We are primarily interested in two complementary research directions within the art domain:
First line of investigation. We study the capability of state-of-the-art generative models to replicate and reinterpret artistic styles from the past. This line of work aims to deepen our understanding of the generative process itself, including how conditioning mechanisms influence stylistic outputs and how biases, both in training data and model architectures, affect the resulting representations. Beyond mere stylistic imitation, we are also interested in evaluating whether these models capture higher-level structural and semantic properties that characterize specific artistic movements.
Second line of investigation. We investigate the extent to which multimodal models can provide original and critically grounded interpretations of artworks, based on what they actually perceive. In this context, the visual component is not optional but foundational: the objective is to assess whether LLM-based systems can interpret visual inputs directly, rather than merely re-elaborating prior textual or art-historical knowledge. While current models are known to perform well when leveraging memorized or inferred literature, our focus is on isolating and evaluating their capacity to derive meaning from visual evidence.
The broader goal is to determine whether such systems can exhibit forms of aesthetic judgment grounded in perception, and, if so, to characterize the criteria underlying these judgments. This requires a systematic analysis of their perceptual mechanisms, including how they attend to compositional structure, stylistic features, and fine-grained visual details, and how these elements are integrated into higher-level interpretative reasoning. Particular attention will be given to disentangling perceptual understanding from prior knowledge, in order to assess whether the models genuinely “see” and interpret artworks, rather than simply recalling or reconstructing culturally encoded descriptions.
AI-Pastiche is a carefully curated dataset comprising 953 AI-generated paintings in well-known artistic styles. It was created using 73 manually crafted text prompts, used to test 12 modern image generators, with one or more images generated for each of the selected models. The dataset includes comprehensive metadata describing the details of the generation process.
Prompt: Generate a detailed coastal landscape painting in the Impressionist style movement of the 19th century. The painting depicts a coastal scene with a small boat near the water's edge and distant buildings on the shore. The skyline is dominated by a cloudy sky, suggesting an overcast day. The colors are muted and earthy, conveying a serene yet slightly melancholic atmosphere. The technique used appears to be Impressionism, characterized by short, visible brushstrokes that capture the essence of the scene rather than detailed realism. The focus is on the play of light and color, creating a sense of movement and the transient nature of the landscape.
Metadata Description
Metadata comprise the following columns:
generative model: the model used to generate the image
prompt: the prompt passed as input to the generator
subject: a collection of comma separated tags describing the content (as described in the prompt)

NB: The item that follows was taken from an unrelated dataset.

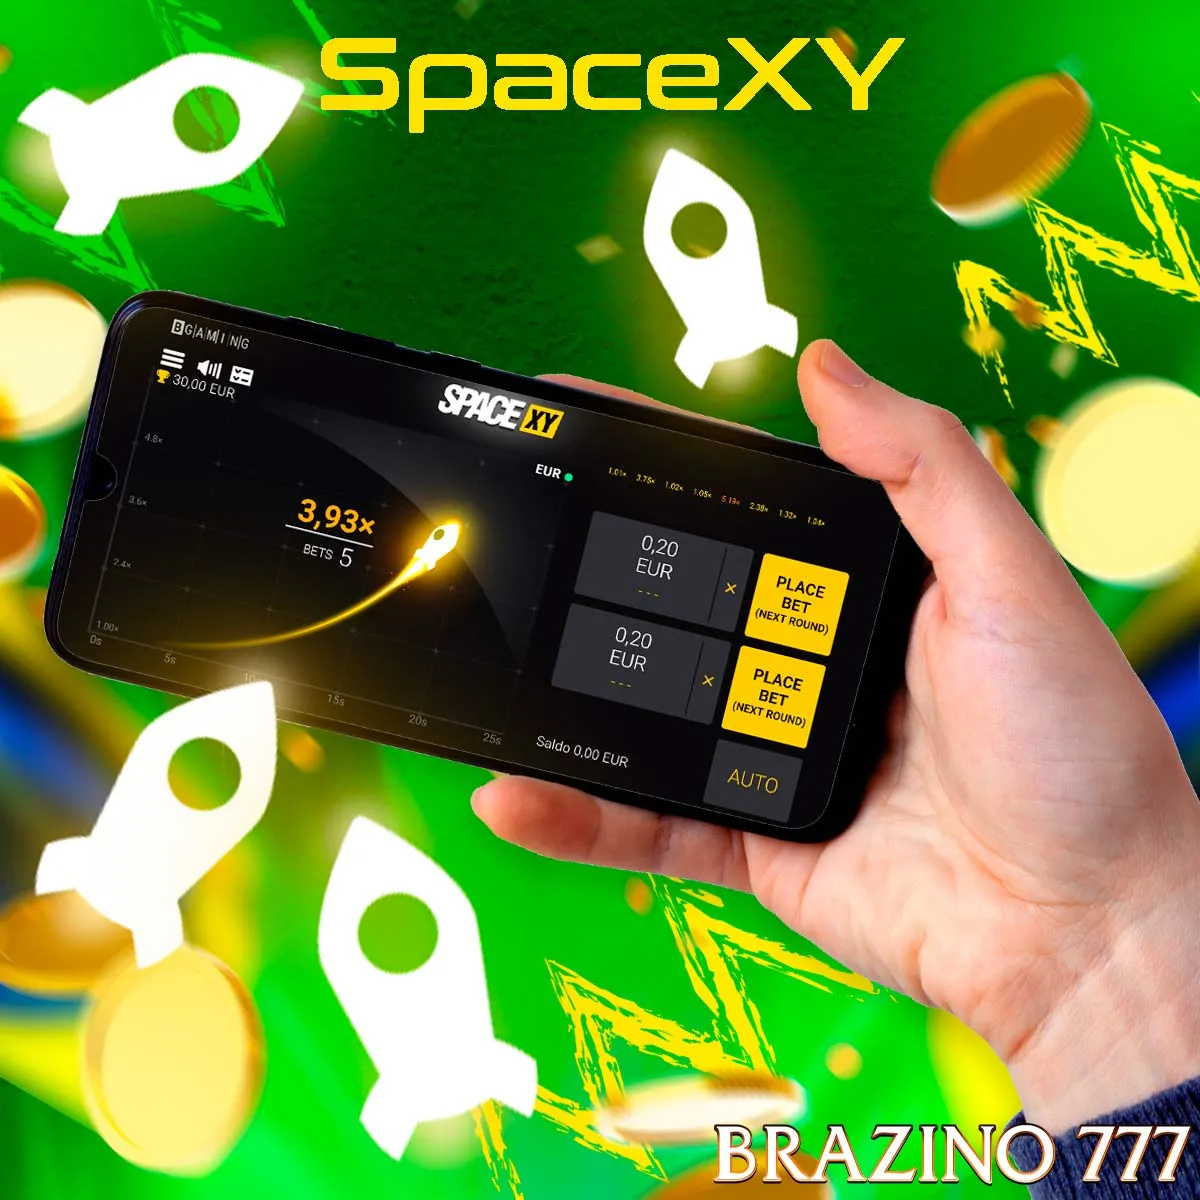 O popular jogo Space-XY no Cassino Brazino777 no Brasil

style: the style to be imitated
period: the period the generated image should belong to
generated image: the name of the generated image in the generated_images dataset
Three additional columns provide human metrics collectd through extensive surveys. All values are in the range [0,1].

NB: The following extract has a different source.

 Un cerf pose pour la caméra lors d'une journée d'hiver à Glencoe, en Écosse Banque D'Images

defects: presence of notable defects and artifacts (0=no evident defects, 1=major problems)
authenticity: perceived authentity of the sample (please, check the article for details about this metric)

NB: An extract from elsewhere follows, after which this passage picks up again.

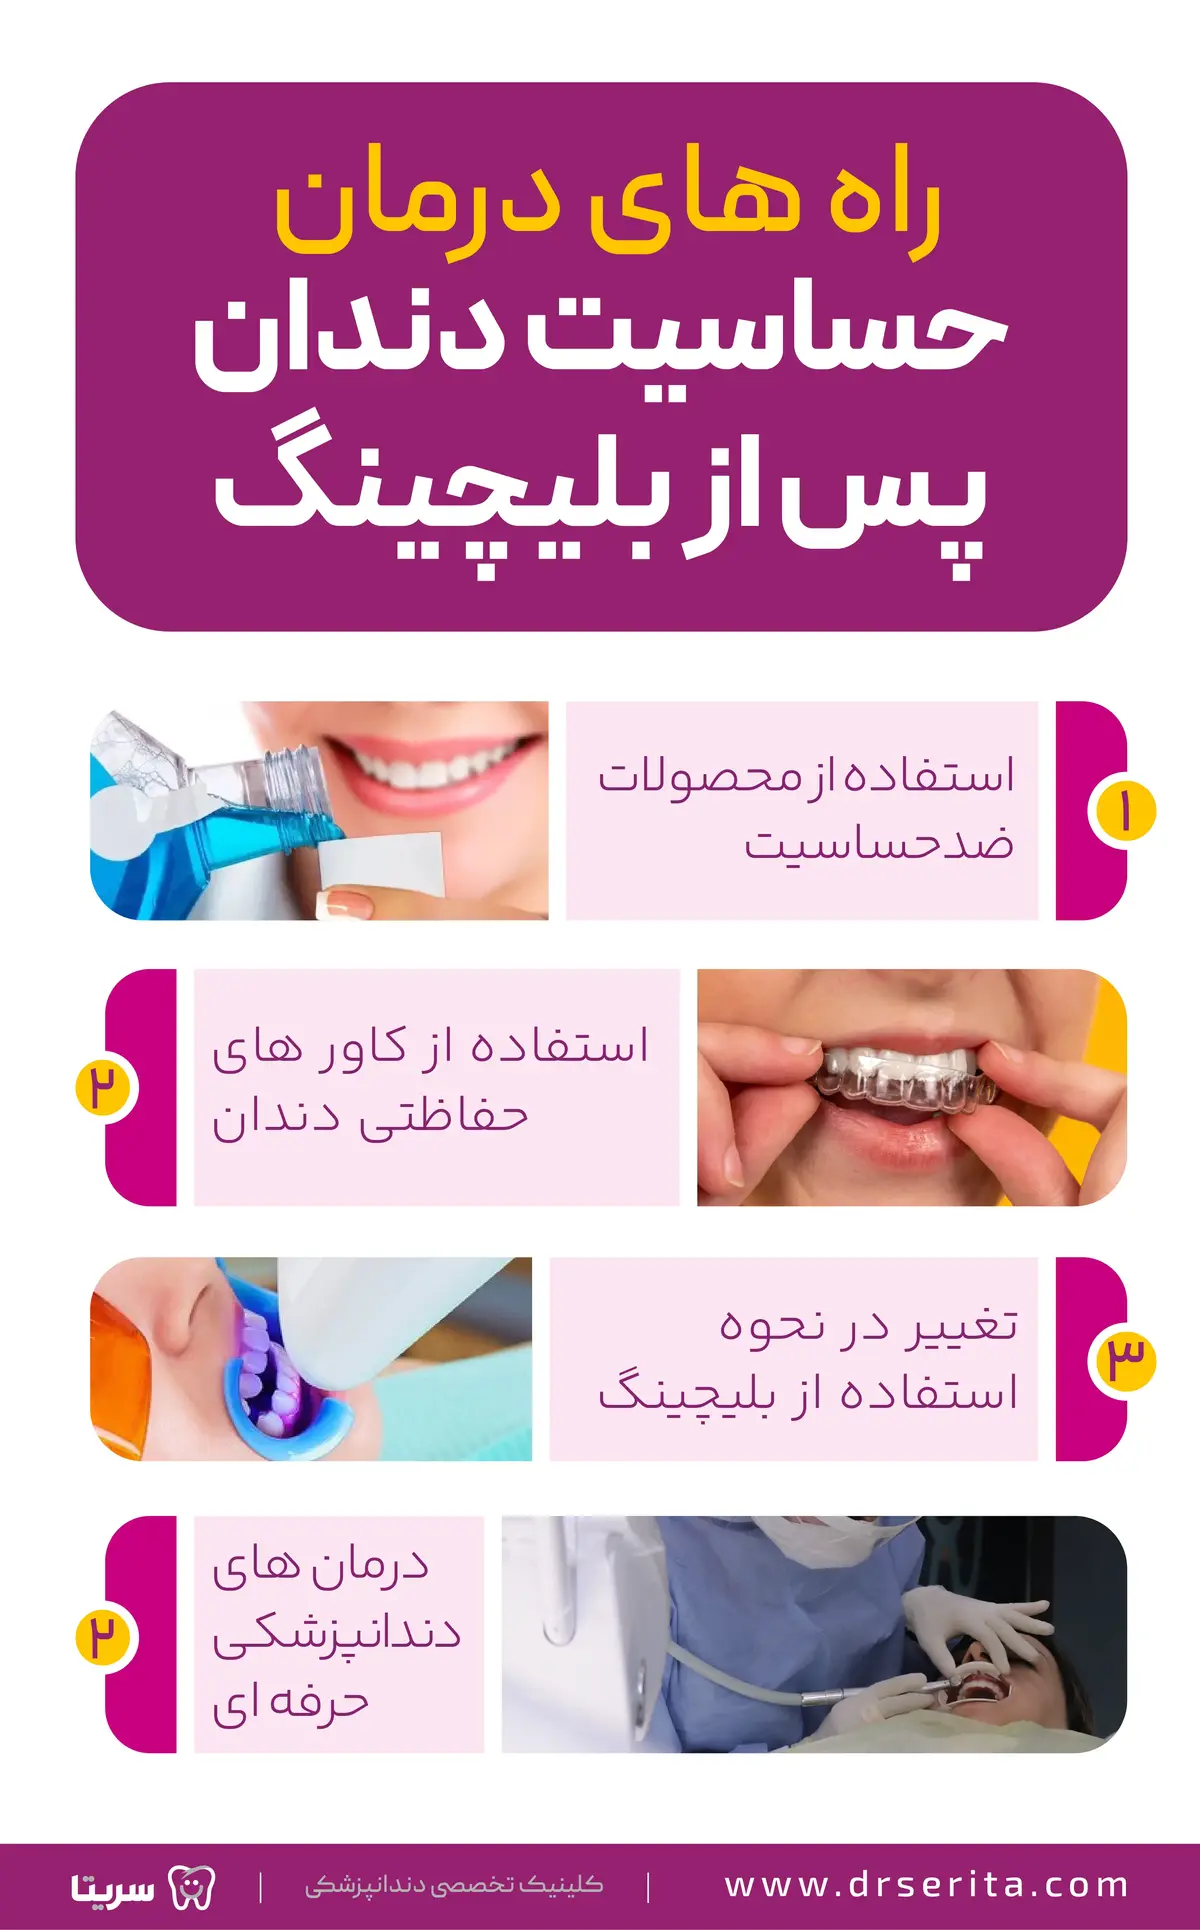 راه های درمان حساسیت بعد از بلیچینگ دندان

adherence: adherence of the sample to the prompt request
Do LLMs perceive Art the same way we do?
Does CLIP perceive art the same way we do? Andrea Asperti, Leonardo Dessì, Maria Chiara Tonetti, Nico Wu. Proceedings of IEEE International Conference on Content-Based Multimedia Indexing (IEEE CBMI 2025), Dublin, Ireland, 22-24 October 2025.
3D UMAP projection of image embeddings of National Gallery of Art Dataset extracted from the CLIP ViT-L/14 model. Each point represents a painting from the National Gallery of Art dataset, colored by artistic style. The visualization reveals the semantic organization of the artworks in the latent space, where similar styles tend to cluster together.
abstract: CLIP has emerged as a powerful multimodal model capable of connecting images and text through joint embeddings, but to what extent does it 'see' the same way humans do - especially when interpreting artworks? In this paper, we investigate CLIP's ability to extract high-level semantic and stylistic information from paintings, including both human-created and AI-generated imagery. We evaluate its perception across multiple dimensions: content, scene understanding, artistic style, historical period, and the presence of visual deformations or artifacts. By designing targeted probing tasks and comparing CLIP's responses to human annotations and expert benchmarks, we explore its alignment with human perceptual and contextual understanding. Our findings reveal both strengths and limitations in CLIP's visual representations, particularly in relation to aesthetic cues and artistic intent. We further discuss the implications of these insights for using CLIP as a guidance mechanism during generative processes, such as style transfer or prompt-based image synthesis. Our work highlights the need for deeper interpretability in multimodal systems, especially when applied to creative domains where nuance and subjectivity play a central role.